La visión de lo que ocurre en Ecuador es premonitoria de lo que puede ocurrir en otros países de Latinoamérica, de diferentes maneras por supuesto. Dos hechos centrales llaman a la reflexión. Uno se refiere a la complicidad de la clase dirigencial de Ecuador con el narco tráfico y el otro a la intervención del Imperio del Caos en el conflicto. Más abajo un resumen de lo que espero desarrollar según vuestros comentarios o inquietudes.
Una reflexión antecede a lo que ocurre en Ecuador.
Recordemos que en múltiples ocasiones se criticó durante el proceso de paz en Colombia, donde Chile fue uno de los países garantes, junto con Cuba, Venezuela, Noruega, México y Chile, la validez de un proceso donde el lema principal de la crítica era si acaso debía continuarse puesto que el narcotráfico había permeado a las FARC y el ELN, así como las instituciones colombianas, Comisión de Seguimiento, Impulso y Verificación a la Implementación del Acuerdo (CSIVI) y la Comisión Nacional de Garantías de Seguridad (CNGS) y de NNUU Misión de Verificación, que llevaban adelante las de paz.
En ese plano todas las iniciativas son sospechosas, aún los observadores, amigables componedores, que en ese plano jugarían el papel de “tontos útiles” porque después de todo, es un proceso para el que ninguna ley, decreto o sistema fue preparado para enfrentar.

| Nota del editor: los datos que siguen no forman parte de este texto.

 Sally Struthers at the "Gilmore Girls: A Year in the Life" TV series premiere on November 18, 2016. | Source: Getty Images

Elegido democráticamente Noboa, al día siguiente debió recurrir al estado de excepción y nada excluye el estado de sitio. En los hechos tampoco Ecuador estaba preparado para enfrentar los hechos permeados por el narcotráfico y las redes internacionales.

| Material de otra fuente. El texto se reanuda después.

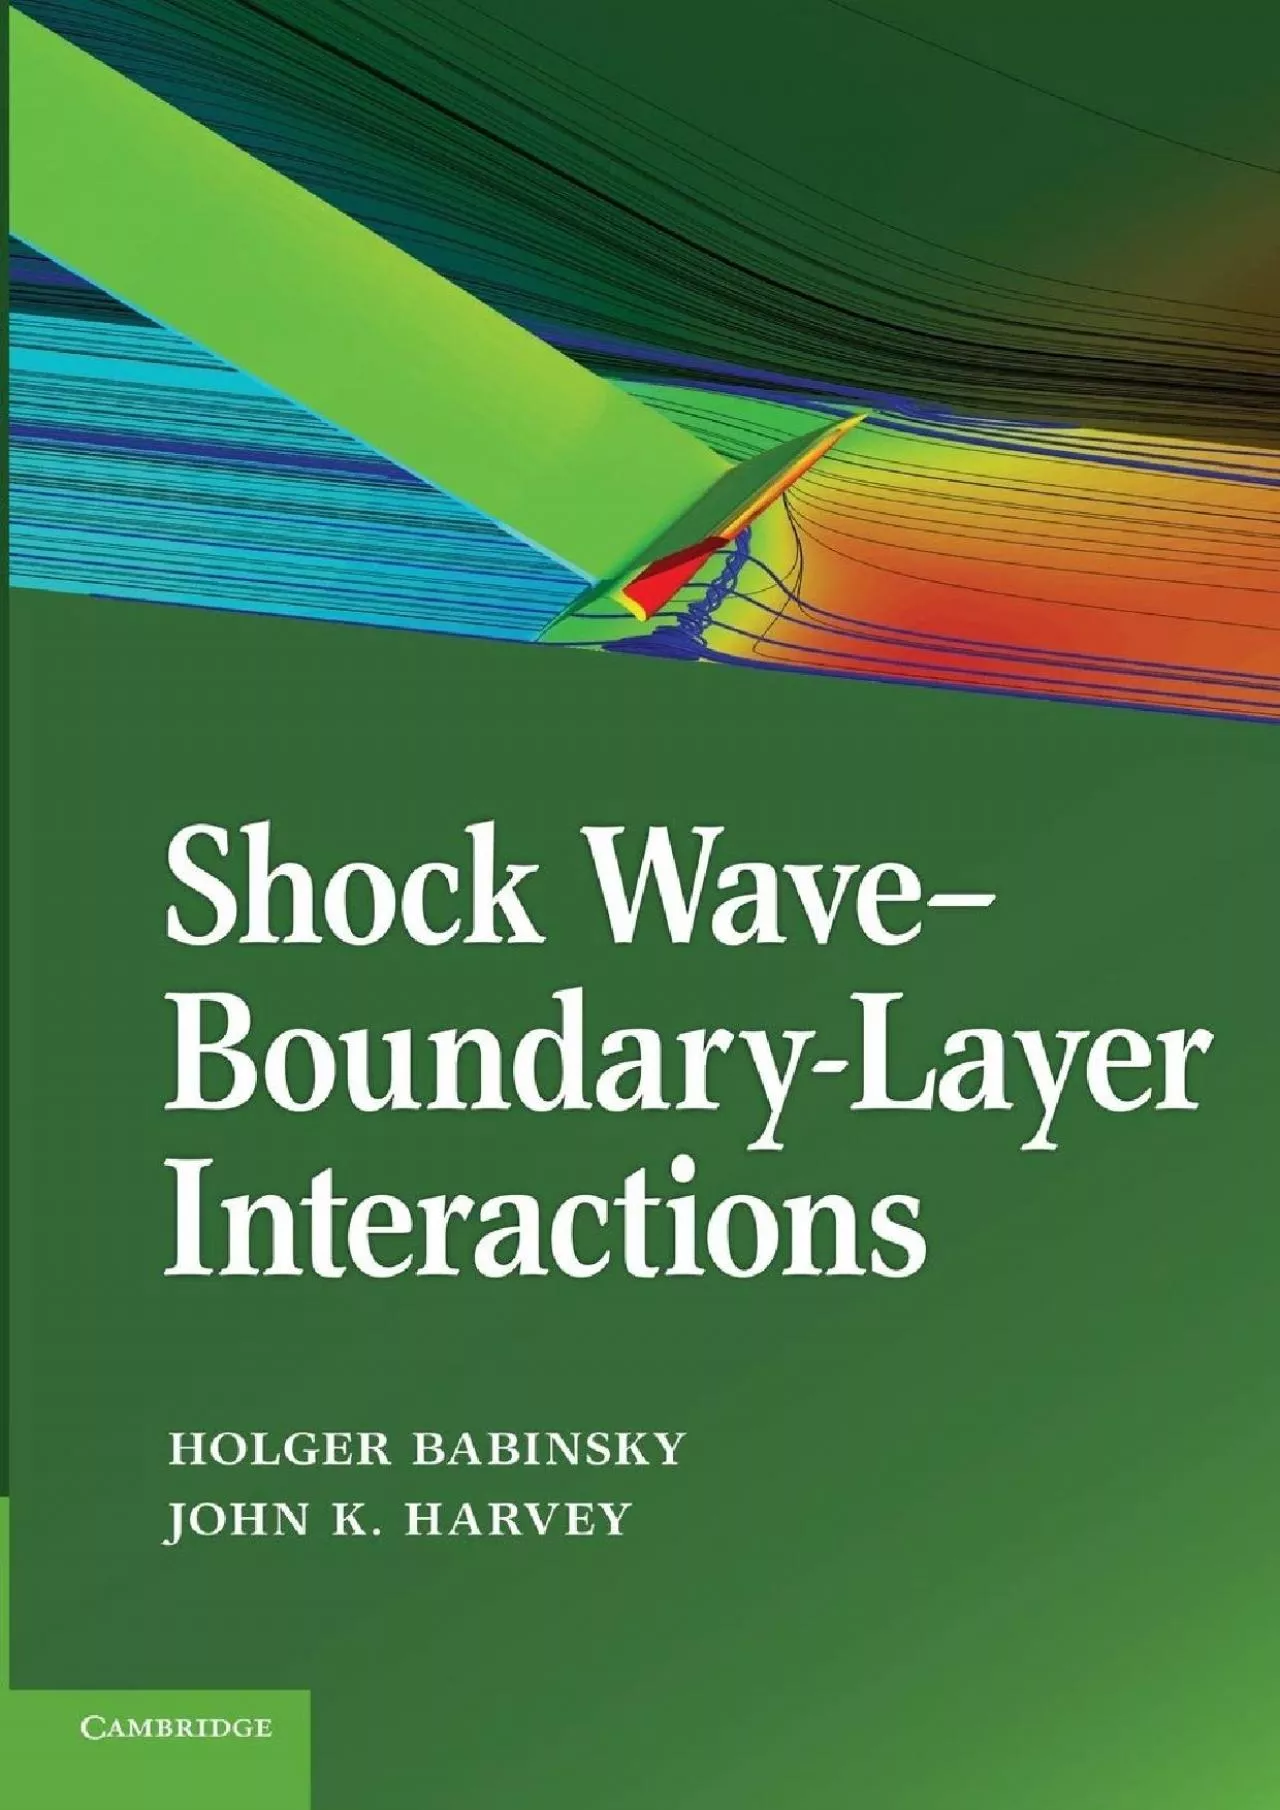 (EBOOK)-Shock Wave-Boundary-Layer Interactions (Cambridge Aerospace Series, Series Number

¿Debe entonces situarse al “buenismo bolivariano” de Correa como cómplice del renacer del tejido social narco en Ecuador? ¿No es esta la ocasión propicia para poner en duda, mediante una operación limpia de sospechas – porque se trata de guerra contra la criminalidad – los avances sociales de Correa y, por carambola, los de Amlo, o las intenciones de Petro, Lula, o el de un apoyo al vacilante Boric de Chile?

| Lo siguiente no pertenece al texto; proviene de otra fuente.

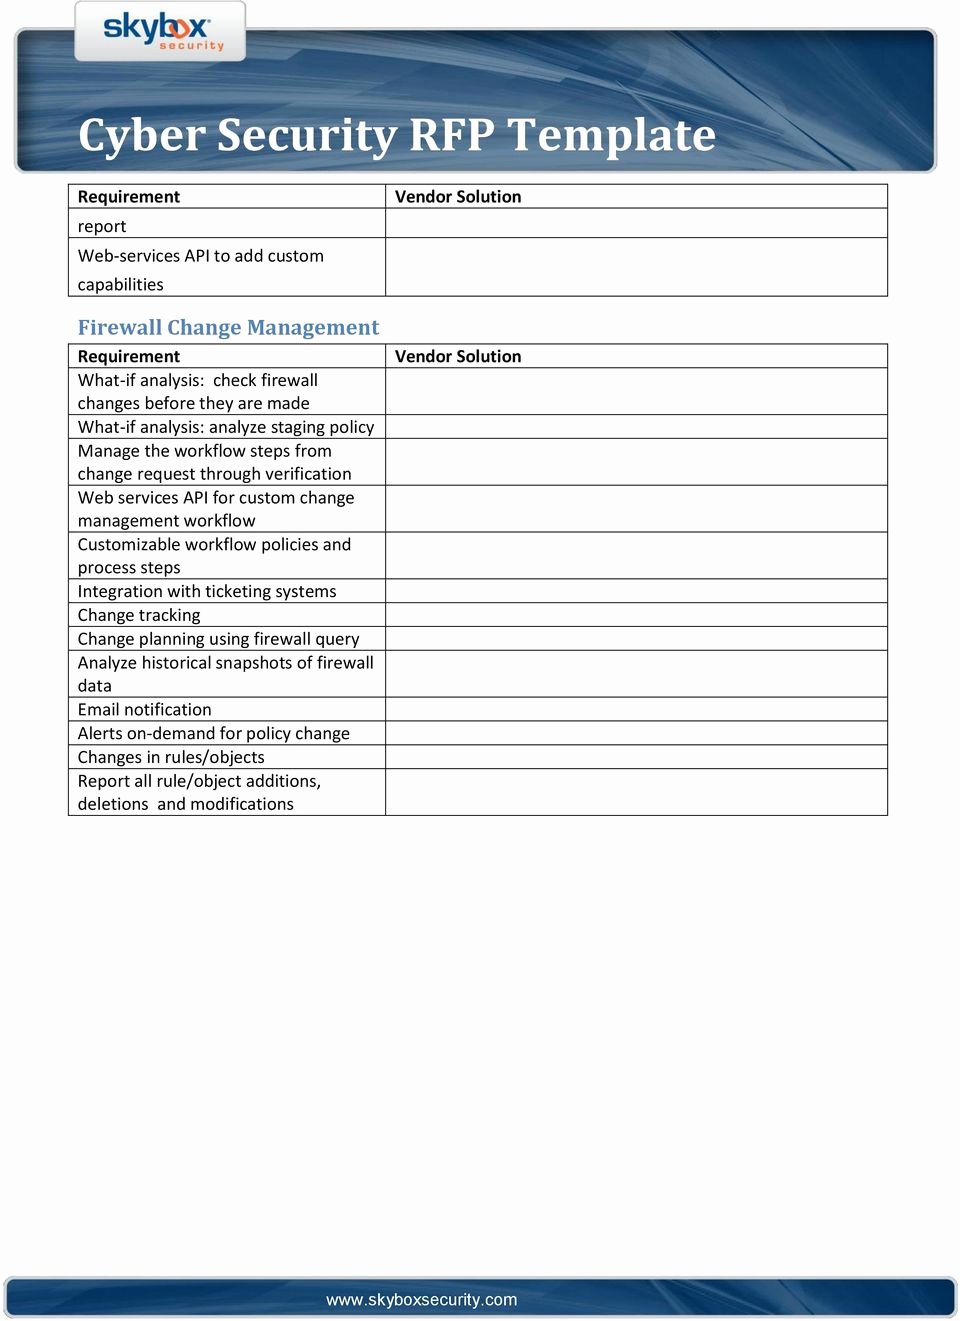 Cyber Security Plan Template Beautiful Cyber Security Rfp Template Pdf

Ante tanta duda, reabramos la fortaleza de Manta, los patrullajes de los AWAC americanos en la costa, reiniciemos el ABDP (Air Bridge Denial Program i.e., programa de ataque al puente aéreo de la droga) a partir de Manta….vamos con las fumigaciones, ¡pero cuidado! No olvidemos las consecuencias de aquellas realizadas por el cuerpo norteamericano de las DynCorp en el Putumayo, sudeste de Colombia, fronteriza con Ecuador que tuvo efectos desastrosos en la salud de los campesinos, con enfermedades en la piel, problemas respiratorios y gastrointestinales; además de la muerte de niños y pérdidas en granos.
Lo de Ecuador es guerra en un Estado civil cruzado por tensiones de grupos neo conservadores, representantes de negocios, actores privilegiados de operaciones encubiertas, de actividades al límite de lo legal y otras abiertamente ilegales, en fin actores cuyo objetivo es el blanqueo de situaciones. Todo ello está al margen de los equilibrios y contrapesos de la Constitución.
La guerra del narcotráfico, las bandas y pandillas que la lideran, constituyen la visión externa de la sociedad civil ya descrita de negocios al borde de la legalidad y otros abiertamente ilegales.
La clase dirigente en Ecuador, aquella no ligada a lo ilícito, por razones de carácter político-militar está incapacitada de tomar el mando y limitada absolutamente a iniciativas de orden policial. Que esto sea entregado a militares no cambia el núcleo del problema. En lo inmediato no es el Ecuador legal el que resolverá. El Ecuador real se impone. La violencia, esconde una generación de jóvenes que por la fuerza de las cosas debe someterse al vasallaje de los viejos políticos probos o delincuentes. Esta guerra oculta no puede ser ignorada, pero agrega tensión a aquella que se libra en la superficie.
Los oficiales jóvenes de Sankara en Burkina Fasso resolvieron el problema generacional. Años antes fue Khadafi en Libia. En la India, los jóvenes del Congress Party quisieron a comienzos del siglo XXI imponer un proyecto democrático occidental, intento que hoy en día cayera en lo tradicional de Modi, aún a la derecha de la India histórica de Gandhi y Jawarlal Nehru.
Nada asegura que la tensión joven en Ecuador logre quebrar los horizontes cerrados que resienten, de la desocupación permanente o semi permanente de los intelectuales, sin embargo, nada de esa infraestructura de descontento podrá influir en la guerra del tiempo presente. La guerra de Noboa.